La population de l'île Maurice est le résultat de plusieurs vagues
d'immigrations : d'abord les colons français, puis britanniques, ensuite
les esclaves venus d'Afrique, puis les Chinois et les Indiens venus
d'Inde pour travailler dans les champs de canne à sucre.
Les Indos-Mauriciens sont les plus nombreux : plus de 68 % de la
population dont 52 % d'hindous et 16 % de musulmans.

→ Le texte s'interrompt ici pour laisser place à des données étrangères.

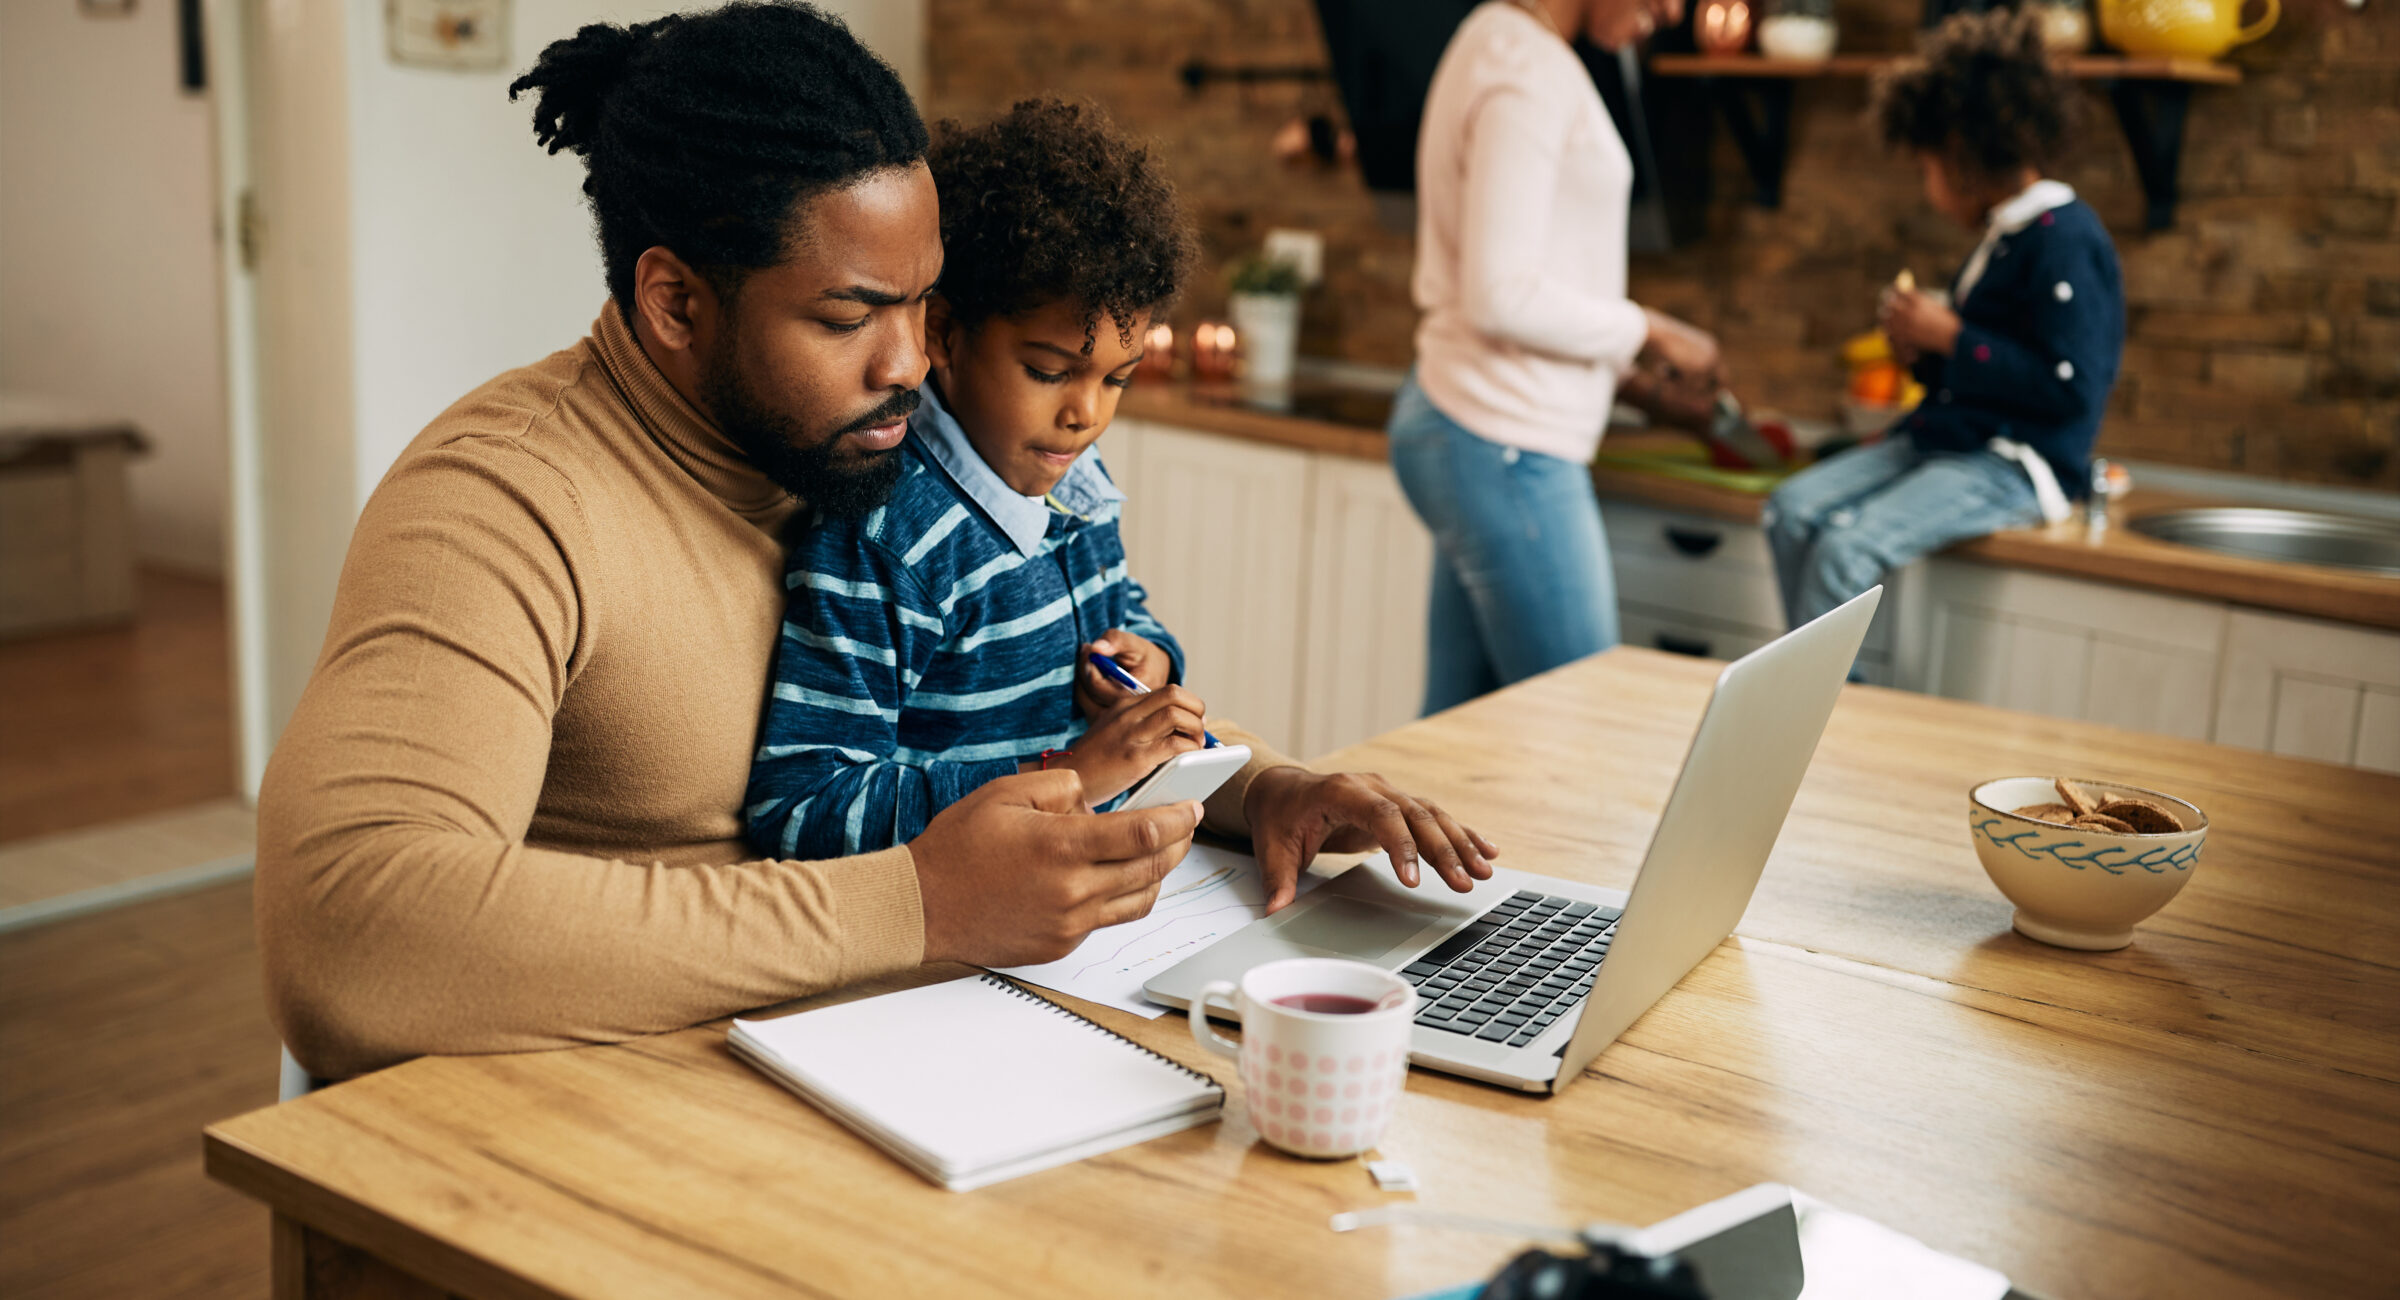 Black working father using laptop and mobile phone while son is sitting on his lap. Mother and daughter are in the background.

Ils ont activement
participé à un processus d'indianisation du pays, s'emparant du pouvoir
politique aux dépens du groupe traditionnellement dominant formé par les
Mauriciens blancs.
Les Sinos-Mauriciens (moins de 3 % de la population) sont surtout
actifs dans le commerce.
Le reste de la population est composé de Créoles (27 %), descendant
d'esclaves et à majorité catholiques, et de Franco-Mauriciens (blancs de
Maurice) représentant 2 % de la population qui représentent l'ancienne
aristocratie.
Il y a 1 268 835 habitants à l'île Maurice (au 1er juillet 2008).
L'île Maurice a autrefois abrité un animal aujourd'hui disparu : le
dodo ou dronte (Raphus cucullatus). Le dodo
était un oiseau coureur de la famille des raphidés,
apparenté aux pigeons, qui n'a pu vivre qu'à l'île Maurice. Il a
été découvert en 1598 par les marins hollandais à la recherche d'épices.
Marchant mal et incapable de voler, ce gros oiseau fut le gibier le
plus facile à chasser et fut vite anéanti. Une autre explication de
l'extermination des dodos fut l'introduction sur l'île des rats arrivés sur
les bateaux hollandais, qui mangèrent les œufs des dodos. La fréquence
de ponte de l'oiseau étant faible, le dodo ne résista pas longtemps.
Le dodo a inspiré Lewis
Carroll pour les aventures d'Alice au pays
des merveilles. En 1990[1],
Andrew Kitchener, biologiste au Royal Museum of
Scotland, a créé deux reproductions grandeur nature du dodo.